У меня почти сразу появилась писчая работа: за пятнадцать тысяч рублей я слагал колонку для раз-в-месячного журнала. Управлялся с ней в несколько дней, на скорую руку муштровал и школил слова, собирал глянцевую колонну и гнал на убой редактору. В остальное время высиживал новую книгу. А выходные вечера я проводил с тобой. И так четыре месяца кряду.

Ты прекратила нас накануне Восьмого марта. Кто-то из журнальных шапочных знакомцев бесчувственно шутил (каюсь, я всем и каждому жаловался на тебя, напрочь обезумел), сказал: «Чудесная подруга. Тебе не придётся тратиться на мартовский презент» — так говорил мне, я бессильно улыбался шапочному дураку, а душа ныла, точно больной зуб.

Я сделался каким-то подкошенным и порожним, казалось, моя грудная клетка на мартовском ветру шелестит и хлопает полиэтиленовой пустотой. Что-то случилось с походкой, я потерял степенность, меня кружило, как сорванную афишу, я дергано оглядывался по сторонам, будто нянька, потерявшая ребёнка…

Стал таким суетливым, беспокойным. Вздрагивал от любого резкого — даже не звука — движения. Однажды со стула на пол съехали мои брюки. Этот почти бесшумный, но неожиданный поступок одежды едва не выщелкнул сердце.

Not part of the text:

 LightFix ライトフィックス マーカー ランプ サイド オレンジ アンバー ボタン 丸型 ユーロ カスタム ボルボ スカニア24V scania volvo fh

На меня, подранка, вмиг ополчились стихии природы и санитары городского леса. Редактор, чуя во мне творческого инвалида, впервые погнал прочь колонну моих рекрутов — не подошла колонка. Переписал проклятую — снова не подошла — на́ тебе! на! Обманул, до слёз бессовестно надул издатель — на! на! Хозяюшка взвинтила прайс за штору до десяти тысяч — не нравится? Вот бог, а вот порог!..

Ко всеобщей пастернаковской травле подключилась моя иногородняя вторая половина — та, ради (из-за?) которой я уехал на заморозки. Позвонила. Не знаю, каким инстинктом поняла, что нужно затаптывать и добивать: «Подонок! Ты нас бросил!» — в таком тоне она со мной ещё не говорила. А рядом с ней, я слышал, плакал и тосковал мой сердечный ребенок, мой крохотный сынок, и просил: «Мама, мама, не кричи на папу!»

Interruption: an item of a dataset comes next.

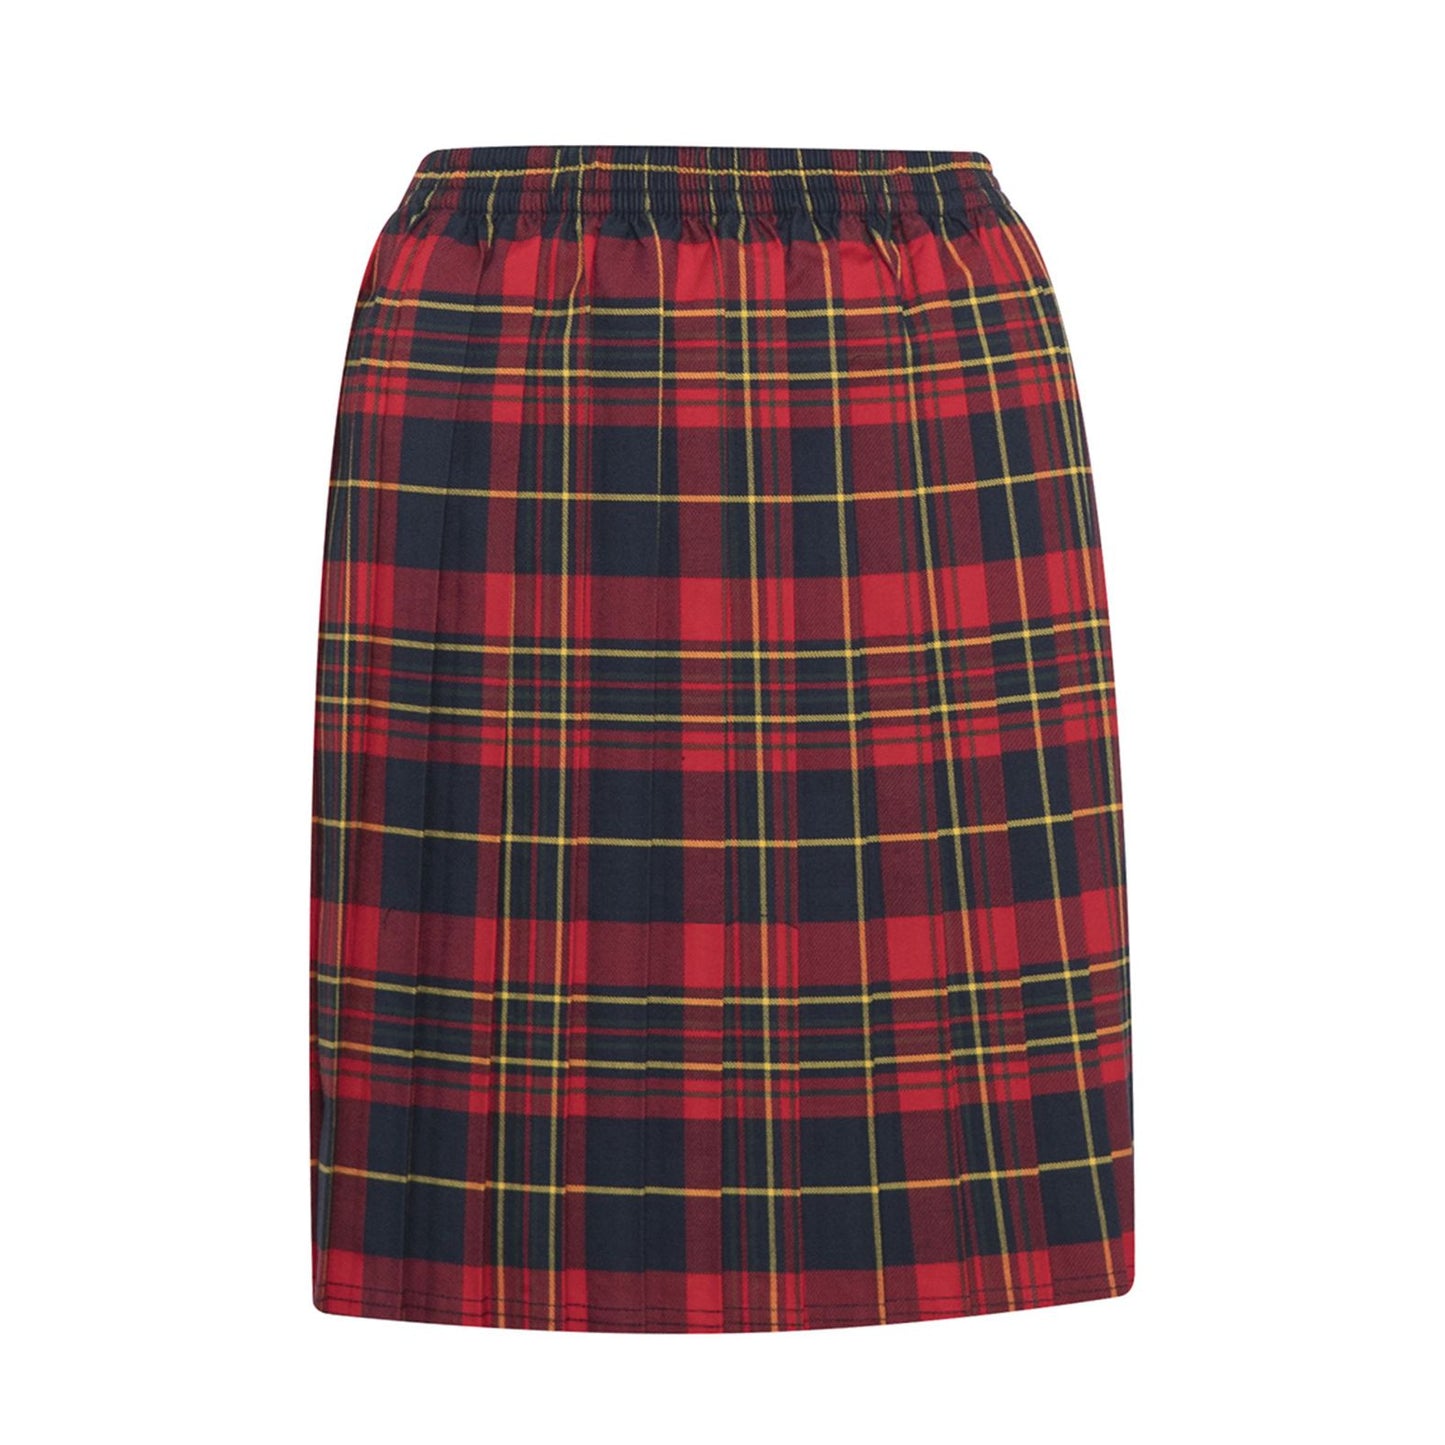 Peckover Uniform Skirt

Не помню, что я отвечал, вроде возражал: «Я в Москве не „поёбываюсь“, как ты выразилась, дурочка, а работаю!»

Половина закончила плачущим воплем: — Чтоб ты сдох, пидор!..

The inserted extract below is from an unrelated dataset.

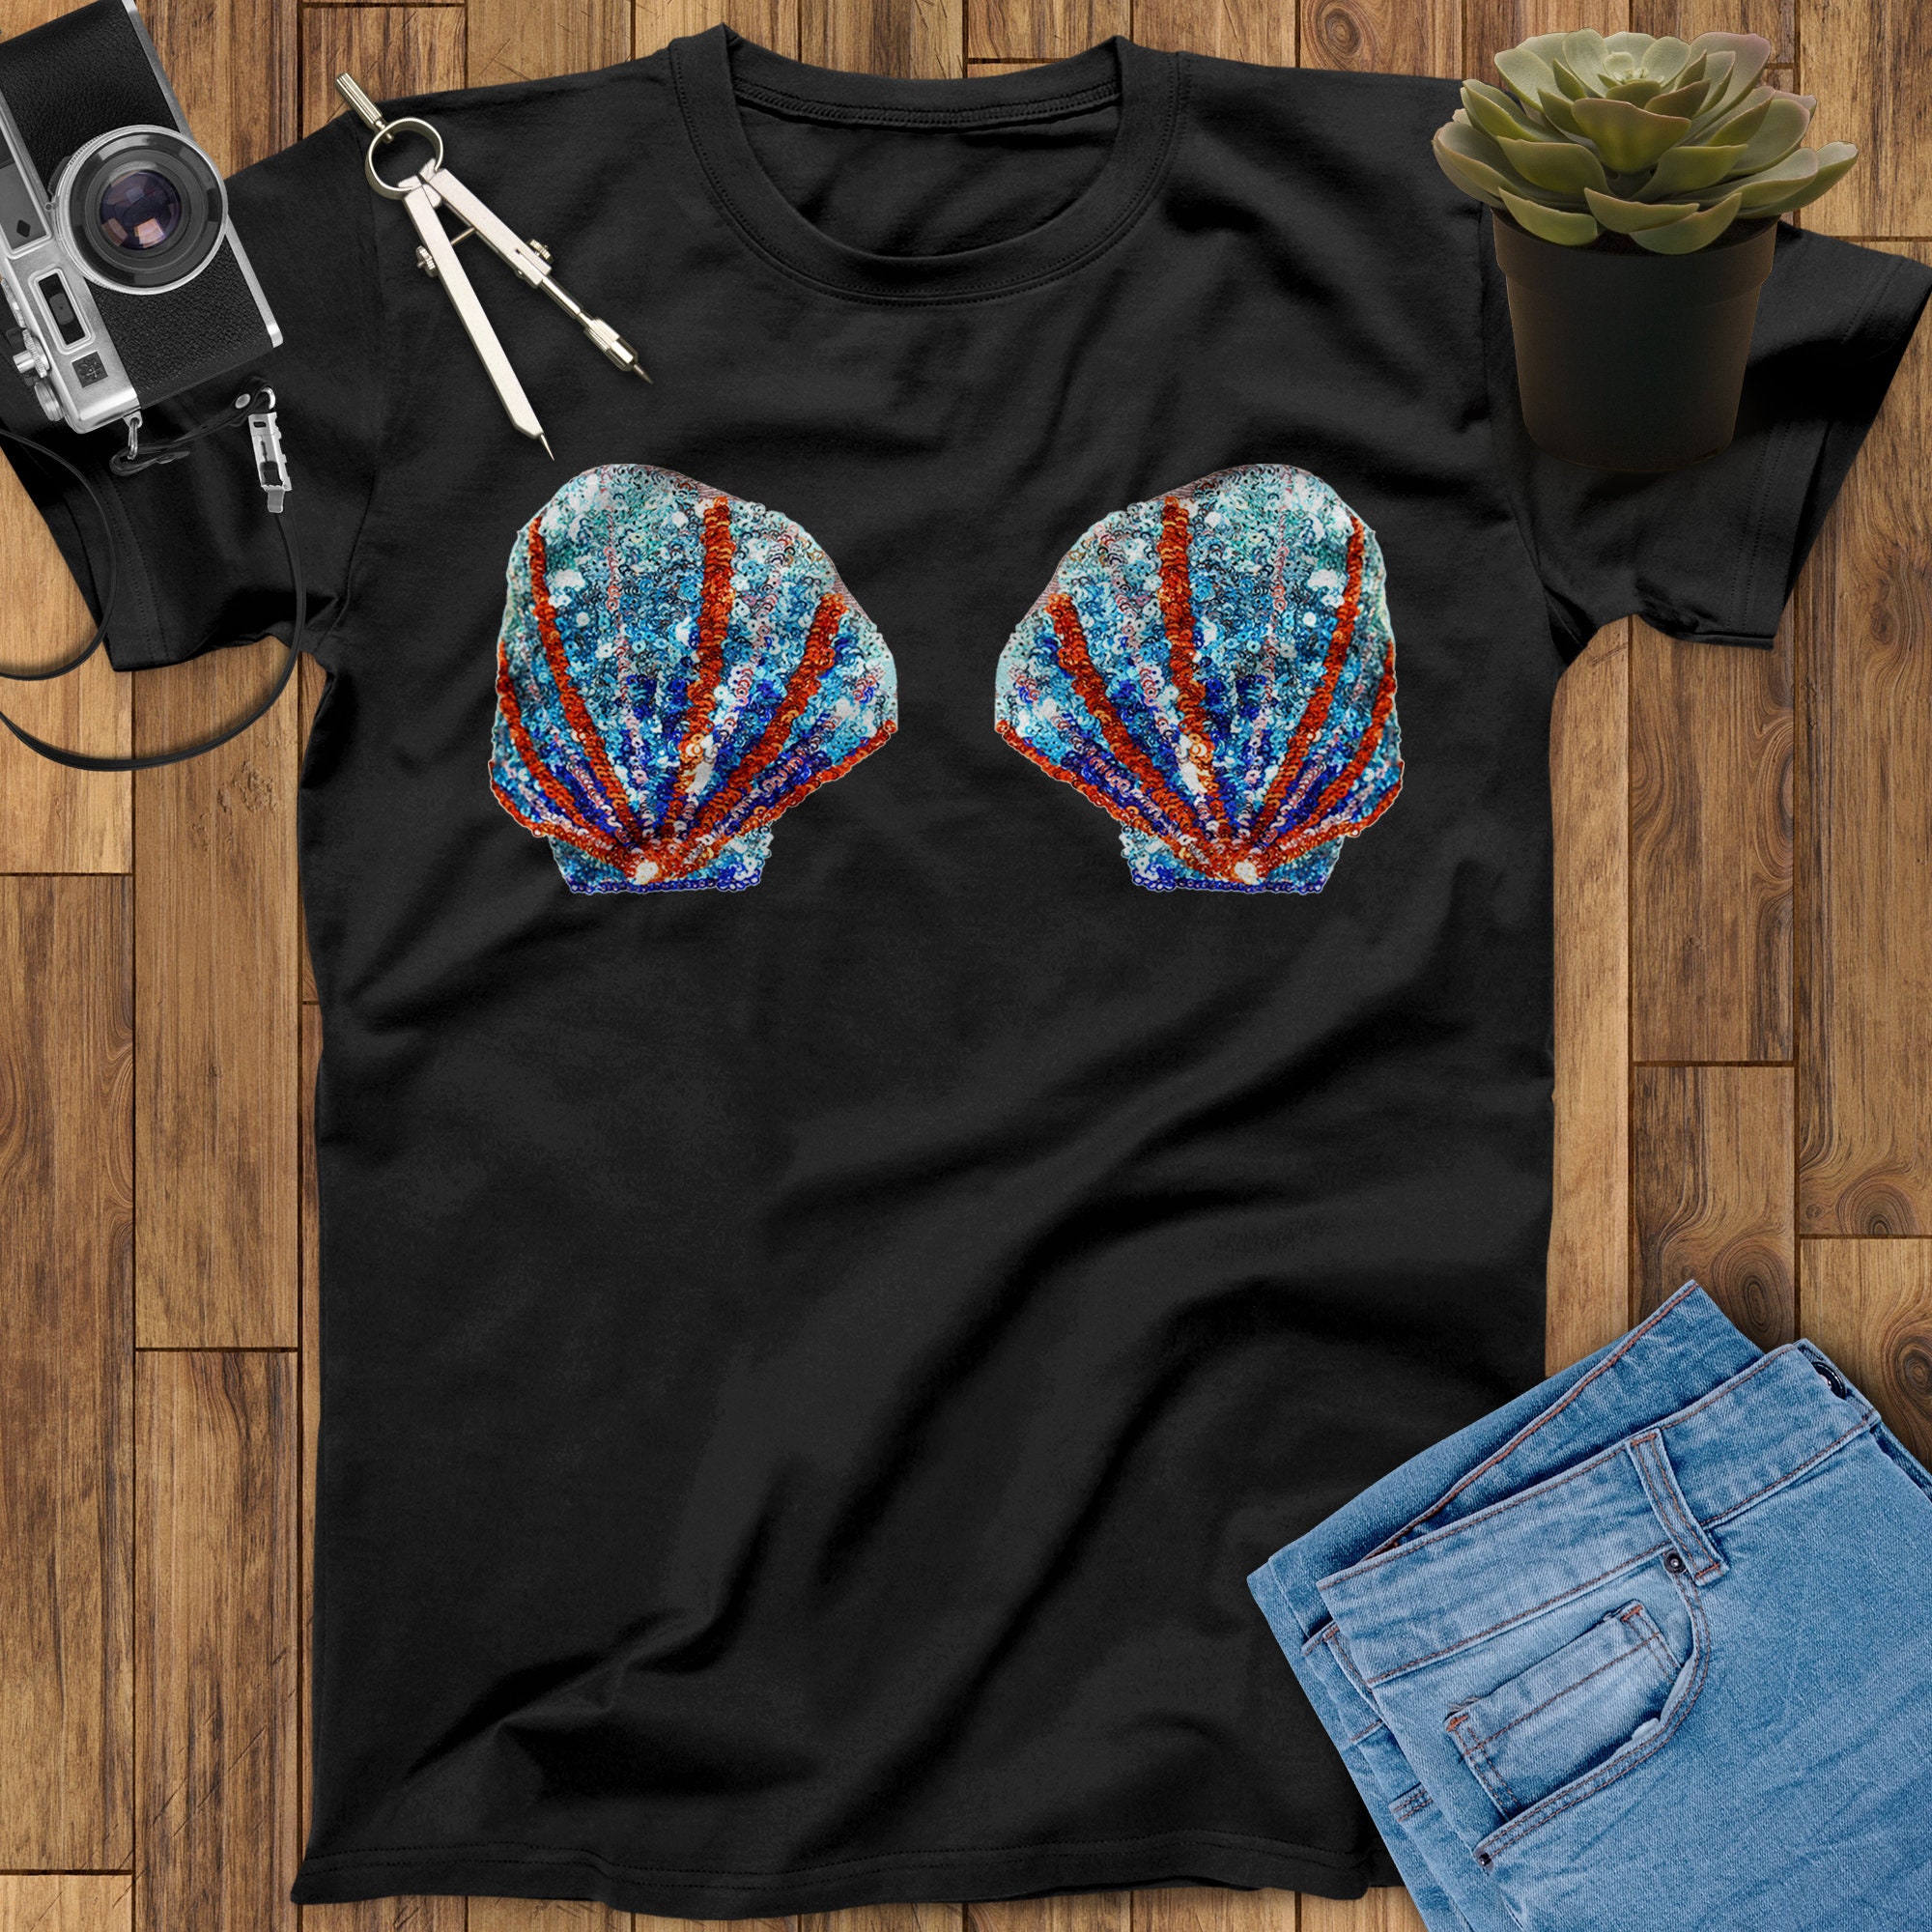 Mermaid Shell T-shirt, Mermaid Seashells, Boob Shirt, Mermaid Sea

А я вовсе не обиделся. Брань потеряла прежний смысл. Ну, пидор. С тем же успехом половина могла обозвать меня, допустим, вратарем: — Чтоб ты сдох, вратарь!

К началу второй недели твоё отсутствие перестало быть дыхательно-сосудистой проблемой. Тоска перекинулась на кости. Нервически скулили рёбра, будто через каждое пропустили вёрткую проволоку. Чтобы заснуть, я хлестал валокордин — мятное старушечье снадобье. Оно помогало забыться на пару часов. Каждое утро начиналось жаром — меня словно бы всего обкатывали горящим спиртовым комом, и мне казалось, что я не просыпаюсь, а тлею единственной мыслью: ушла моя белокурая, моя мэрелиноподобная…

Вначале я попытался противопоставить тебе алкоголь. Здоровье отказало мне в этом тихом утешении. Двенадцать перстов моей язвы всем своим апостольным числом ополчились на меня. По утрам изжога разводила инквизиторский костёр в пищеводе, и мне казалось, что я отрыгиваю горючие угли.

От одинаковой, как тюремная стена, тоски по тебе я утратил способность к труду.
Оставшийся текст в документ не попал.